Claire spent many years in the food industry within the field of product development and food nutrition. Before her fondness for a soft and creamy blue cheese led her to practicing and devising a recipe for her now-famous Burts Blue. Having no family farm to draw milk from Claire, had to buy in milk from local farms and pretty quickly she had to develop her cellar into a cheese-making room, before moving to more well suited premises locally.
Each Burts Baby Blue Goat cheese is made with pasteurised goats milk and vegetarian rennet and is formed into small basket shaped mounds, a larger cutting cheese is also available.
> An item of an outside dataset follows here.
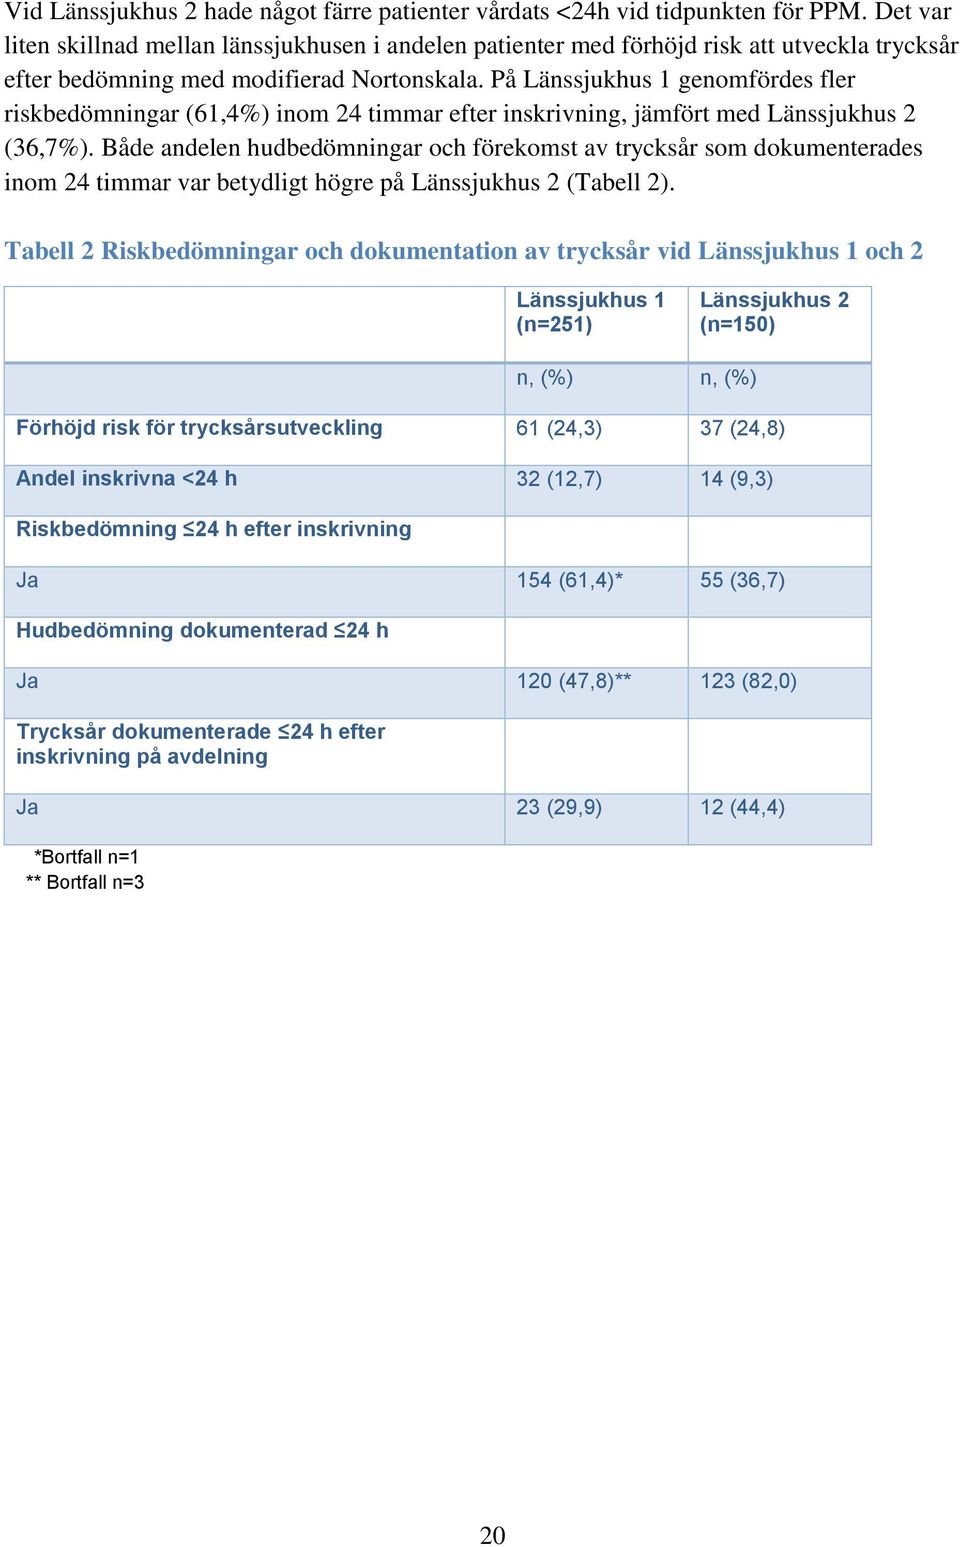 På Länssjukhus 1 genomfördes fler riskbedömningar (61,4%) inom 24 timmar efter inskrivning, jämfört med Länssjukhus 2 (36,7%).

Penicillium Roqueforti, a natural blue mould, originally found in the caves at Roquefort in France and is added to the milk thus producing the distinctive blueing within the cheese. The magic really begins when each cheese is pierced by hand to allow oxygen to reach the interior, where small pockets of blue form in the creamy paste. As the cheese matures the rich paste or body of the cheese begins to break down, slightly, giving it that open texture making it such a distinctive cheese. The blueing Roqueforti spores also develop on the outside of the cheese giving it that sometimes dusty rind which is quite edible.
Burts Baby Blue Goat has a rich and creamy texture and a smooth, tangy and slightly salty taste that will stay on the tongue for quite some time. It’s best accompanied by a fruit jelly or Quince paste and maybe even a drizzle of local honey on a water biscuit or a Scottish Oatcake.